Она тоже засмеялась, сказала:
– Ну не знаю я, что будет?
– Пятьсот дней, как мы с тобой познакомились, – быстро, на одном дыхании выговорил он, – давай сходим в кафе или в ресторан, я зарплату получил, отметим.
– Давай, – легко согласилась она, – только пополам.
– Пополам так пополам, – уступил он. Главное было – создать романтическую атмосферу.
5
В ресторан ее позвать он все-таки не решился и, перебрав в уме недлинный список городских кафе, остановился на «Интеграле», недавно открытом недалеко от ее дома.
В обеденный перерыв (он подрабатывал санитаром в больнице) он попытался туда дозвониться, не получилось, он нервничал, а вдруг не будет мест, кафе было новым и поэтому модным.
Места были, им даже достался столик у окна, близко к сцене. Вместо стульев были модные деревянные диванчики с высокими спинками. Спинки отгораживали их от мира, создавали ощущение интимности и одиночества одновременно. Она села напротив него, бегло просмотрела меню, сказала, что не голодна и будет только кофе и мороженое. Он растерялся, под выжидающим взглядом официанта ткнул пальцем в первое попавшееся блюдо. На сцене завозились музыканты, настраивая инструменты и откашливаясь. Вся затея показалась ему вдруг очень глупой: ну что романтического в том, что два человека вместе жуют под громкую музыку, сидя друг против друга за плохо протертым столиком?

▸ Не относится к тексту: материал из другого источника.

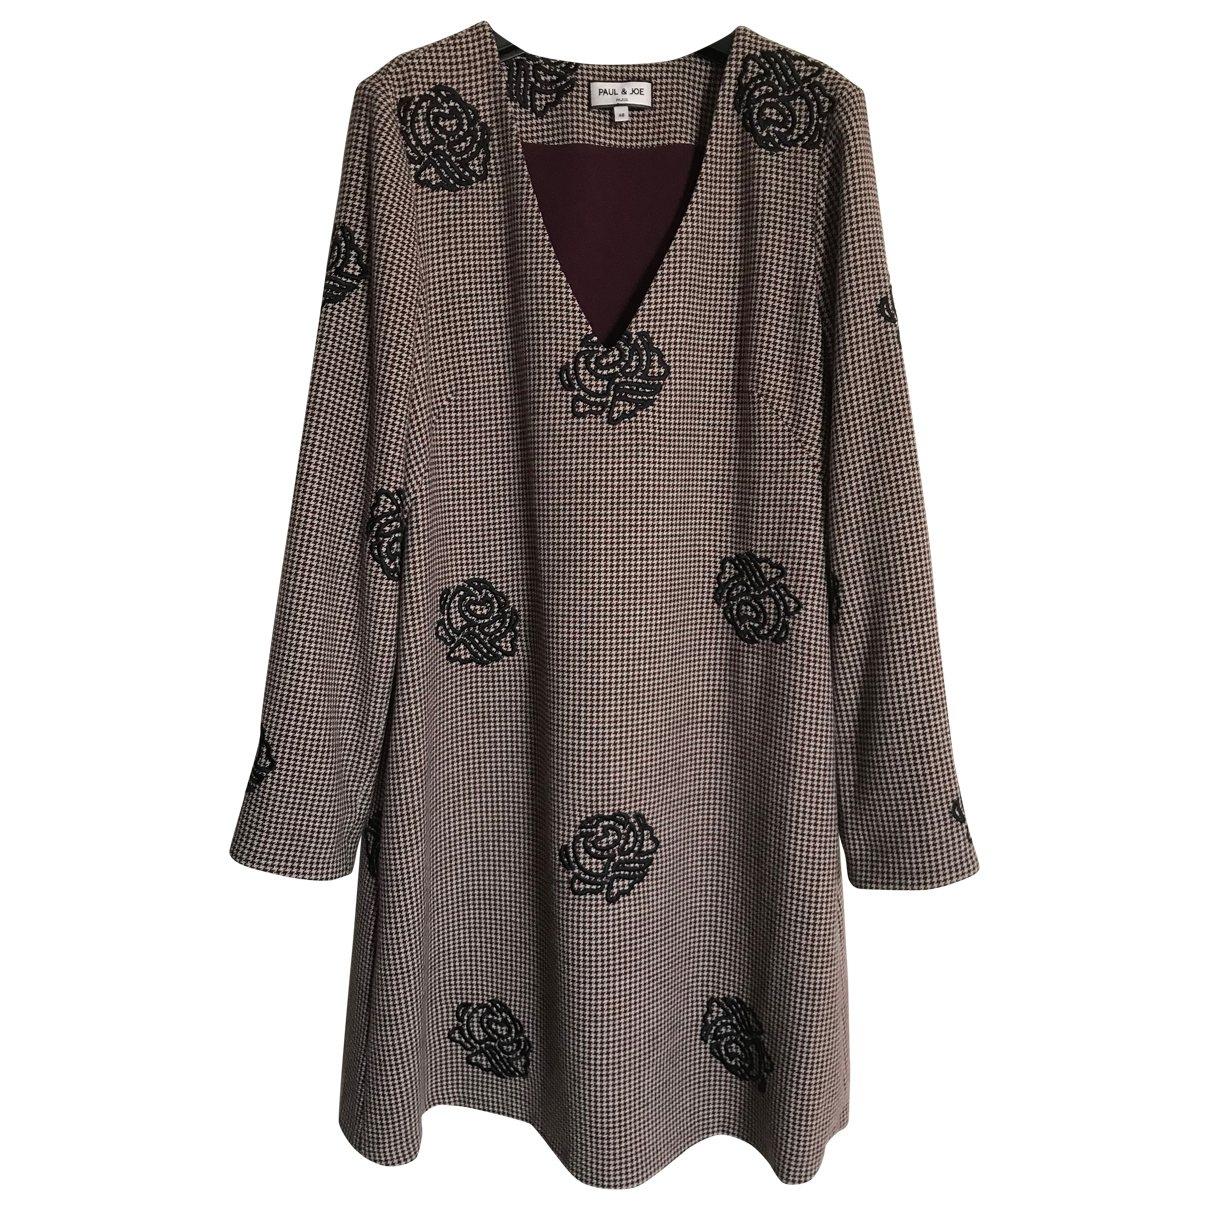 Paul & Joe \N Burgundy dress for Women 40 FR

В ожидании заказа поговорили немного о ее курсовом проекте, о его работе. Принесли еду, он жевал, еда застревала в горле, она смотрела, как он ест, думала о чем-то своем. Куда-то исчезла их обычная домашняя непринужденность, сидящая напротив него молодая женщина была незнакомой, чужой. На ней была ее любимая серая юбка, белая блузка, какие-то им еще не виденные экзотические бусы выгодно оттеняли белизну кожи, проходящие мимо парни ее разглядывали. Она не была красавицей, но мужчины на нее оглядывались, это он давно заметил. И такая тоска вдруг овладела им, хоть волком вой. Может, перевестись в другой город? Или завербоваться на север? Или на Дальний Восток? Где-то же есть ему спасение.